EDIT 2: Is there a possible solution using the modifier folder: + wildcard and somehow having that match to a file: *.zip | *.rar ..etc. I'm not sure if this involves grouping or if there is even a way to seek a match from two different modifiers
NotNull
Posts: 5458
Joined: Wed May 24, 2017 9:22 pm

Re: Quick Question regarding Everything and RegEx

Post by NotNull »

MAybe someone will post a regex query for this, but I can think of 2 relatively easy ways to get this information:

Option 1:
a simple batch file (could be done in one line, but I made it a little easier to read) might be enough for what you need....

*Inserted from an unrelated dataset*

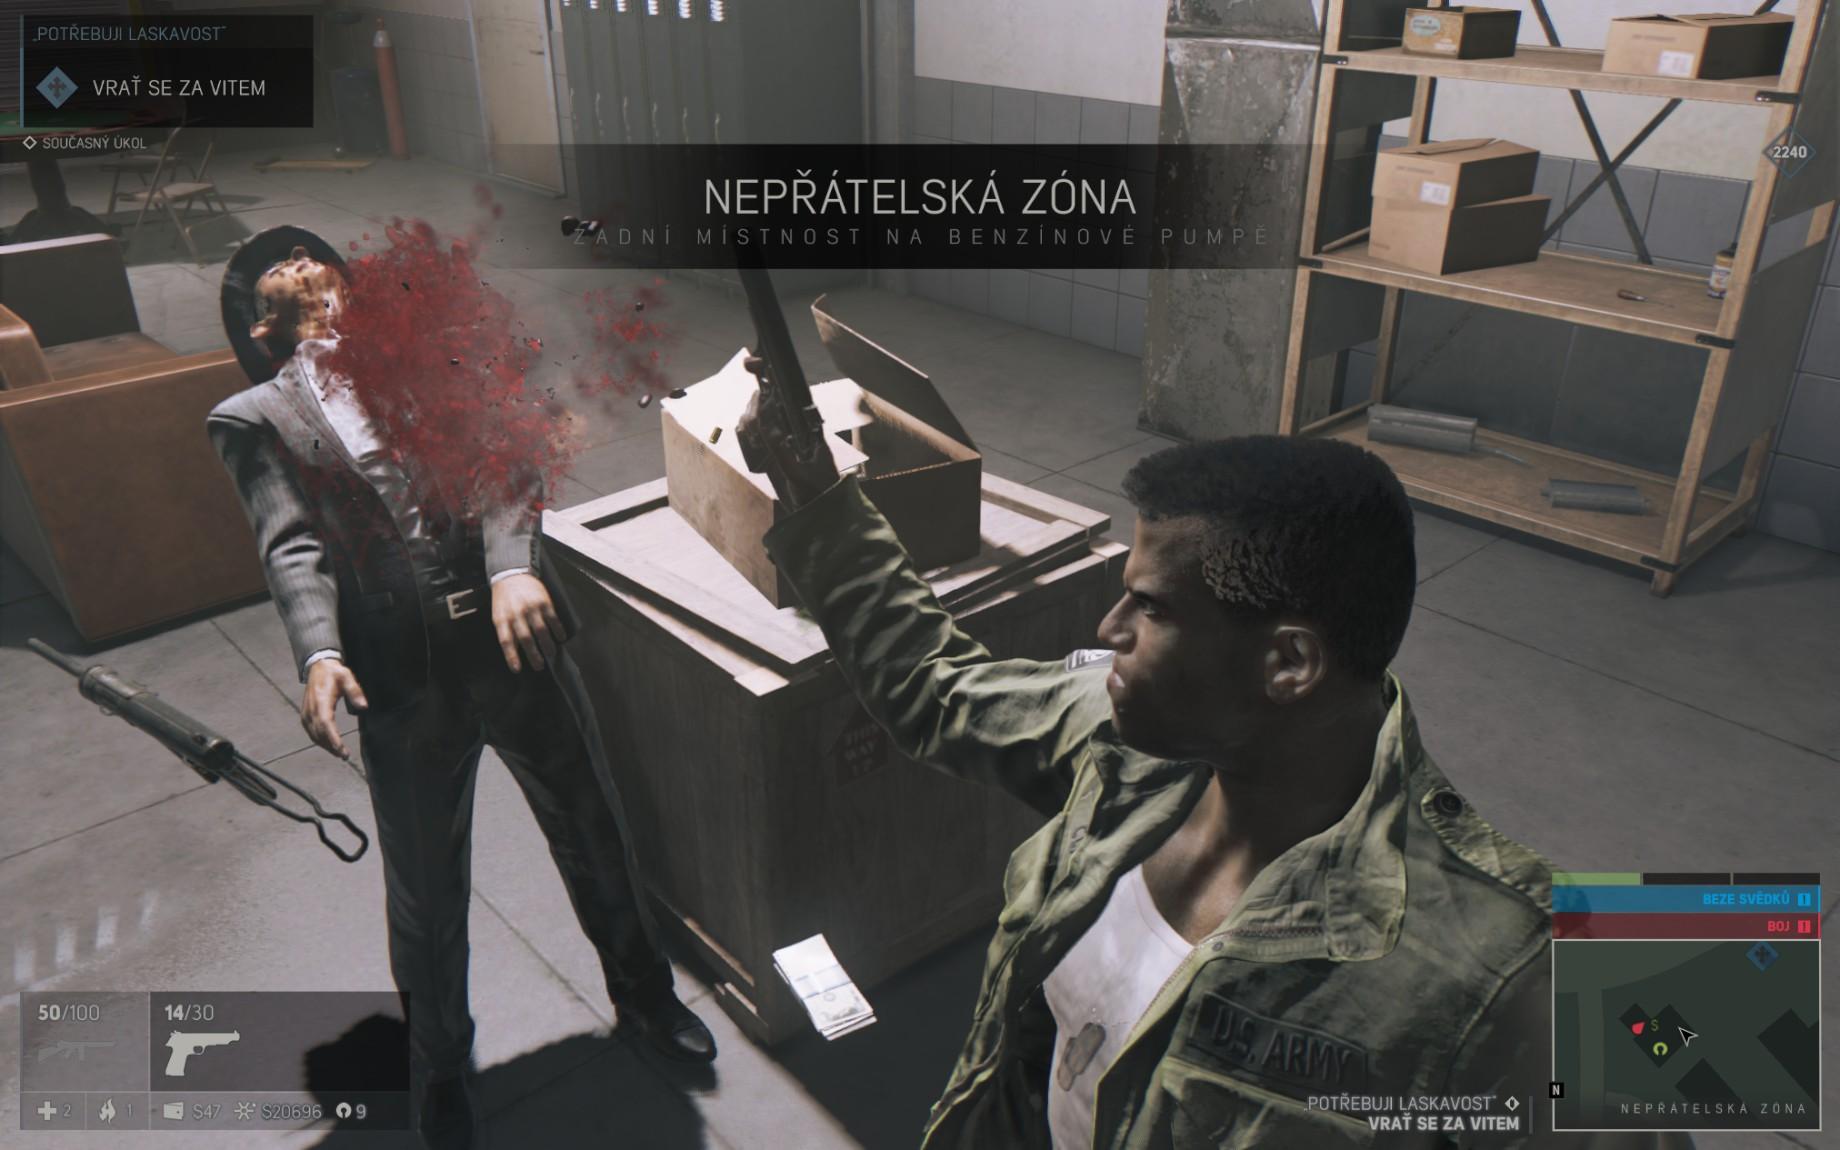 Mafia 3 - gangsterka na jiný způsob 131895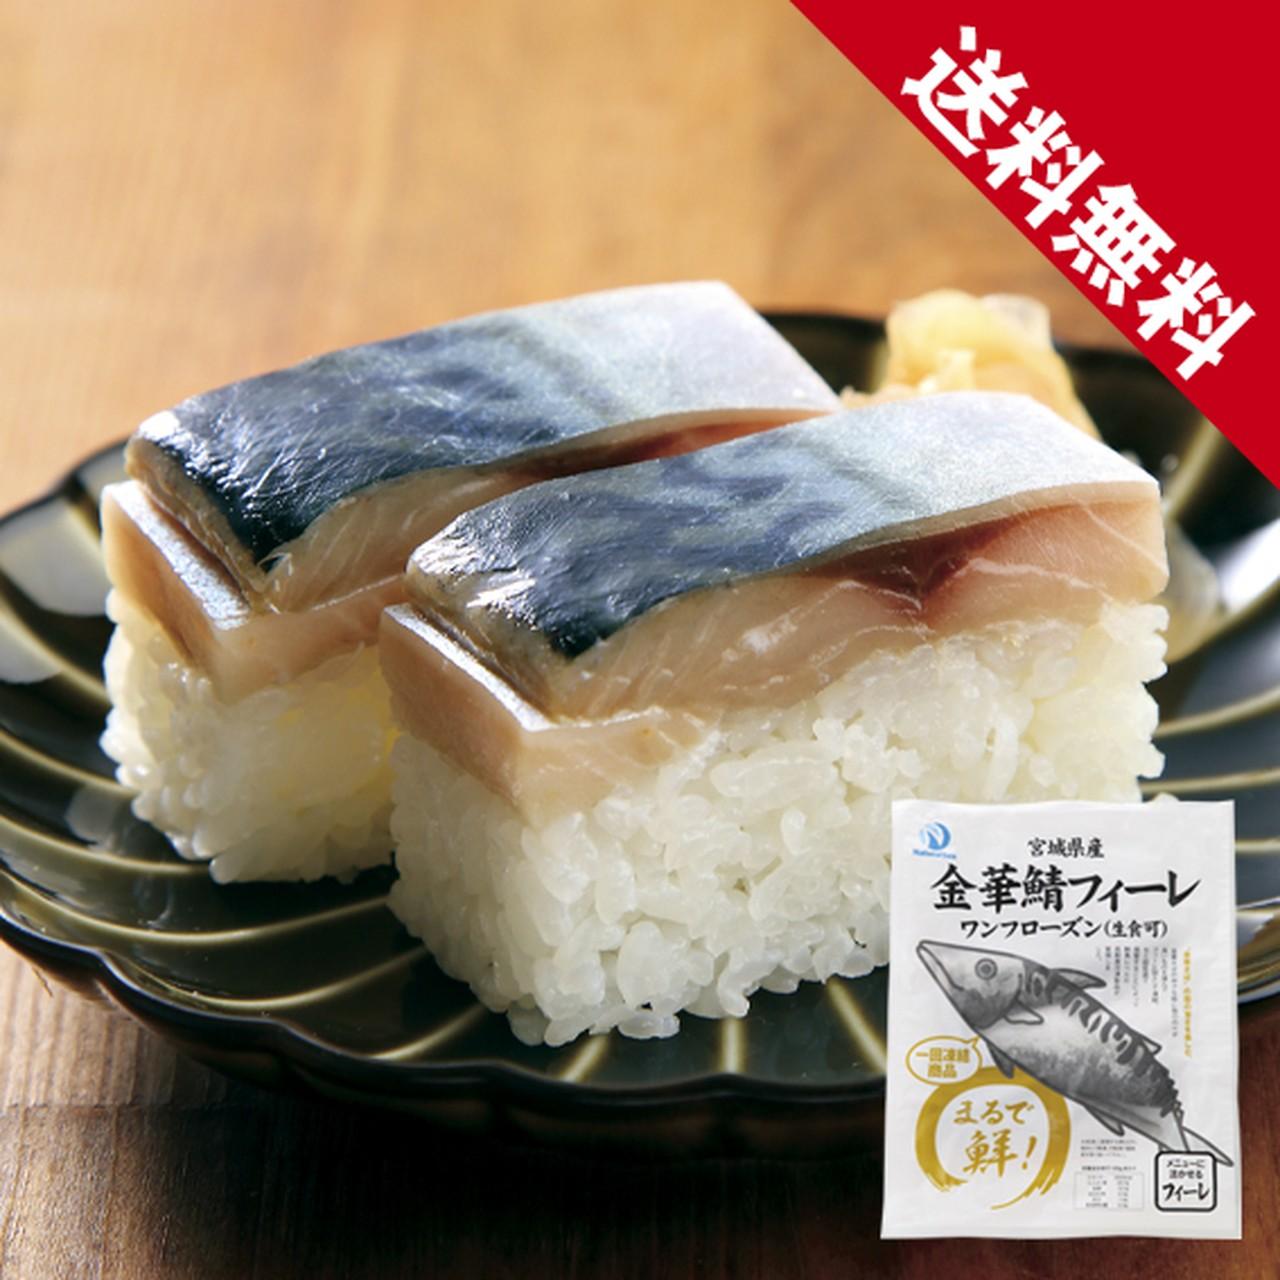 【送料無料】金華鯖フィーレ(皮付き)

  • In Everything, query for folders:
  • Export the results as folders.txt in some folder, say c:\temp
  • In Everything, query for ext:zip
  • Export the results as zips.txt to the same folder
  • Save posted code as FindZipFolders.cmd in that same folder
  • Run FindZipFolders.cmd
  • Open found.csv in Notepad or Excel to see which ZIP's have a folder with the Zip's name on the same dorectory level.
Some remarks:
  • Most of the time running this is spend on displaying Parsing .... on the screen. If you want to speed things up, change echo Parsing .... %1 to:
    REM echo Parsing .... %1
  • This script seraches for MyZipFile.zip file and MyZipFile folder in the same directory.
    If you want to find *any* matching MyZipFile folder anywhere, replace (`findstr /e /i /c:"%~dpn1" "%FOLDERS%"`) with:
    (`findstr /e /i /c:"\%~n1" "%FOLDERS%"`)

Code: Select all

@echo off
setlocal

::_______________________________________________________________
::
::      Settings
::_______________________________________________________________
::

set OUTPUT=found.csv
set ZIPS=zips.txt
set FOLDERS=folders.txt

::_______________________________________________________________
::
::      Init ...
::_______________________________________________________________
::

echo ZIPFILE;FOLDER > "%OUTPUT%"

::_______________________________________________________________
::
::      Action!
::_______________________________________________________________
::

    for /f "usebackq delims=" %%x in ("%ZIPS%") DO call :THISZIP "%%x"

    echo.
    echo.
    echo.   Results are in "%OUTPUT%"
    echo.
    echo.
    pause

goto :EOF


::===============================================================
:THISZIP
::===============================================================

    echo Parsing  .... %1
    for /f "usebackq delims=" %%a in (`findstr /e /i /c:"%~dpn1" "%FOLDERS%"`) DO echo %1;"%%a" >> "%OUTPUT%"

goto :EOF

NotNull
Posts: 5458
Joined: Wed May 24, 2017 9:22 pm

Re: Quick Question regarding Everything and RegEx

Post by NotNull »

Option 2:
  • In Everything, query for ext:zip
  • Export the results as zips.txt to a folder
  • Open zips.txt in Notepad (or any other text editor)
  • Search and replace ".zip" with "" (nothing,empty)
  • Save zips.txt
  • In Everything, got to : Menu:Search > Advanced search
  • In the search for a list of filenames: select zips.txt
  • Result: all the folders that have a matching .zip.

Remarks:
  • This is limited to folders in the same directory as the zip
  • If there is a .zip somewhere else in the file/folderpath, the matching folder will not be found
    Eg: Search/replace on "c:\My .zip folder\dummy.zip" would search for a (non exiting) "c:\My folder\dummy" folder.
hairypaulsack
Posts: 11
Joined: Wed Jun 10, 2015 11:37 pm

Re: Quick Question regarding Everything and RegEx

Post by hairypaulsack »

NotNull wrote:MAybe someone will post a regex query for this, but I can think of 2 relatively easy ways to get this information:

Option 1:
a simple batch file (could be done in one line, but I made it a little easier to read) might be enough for what you need....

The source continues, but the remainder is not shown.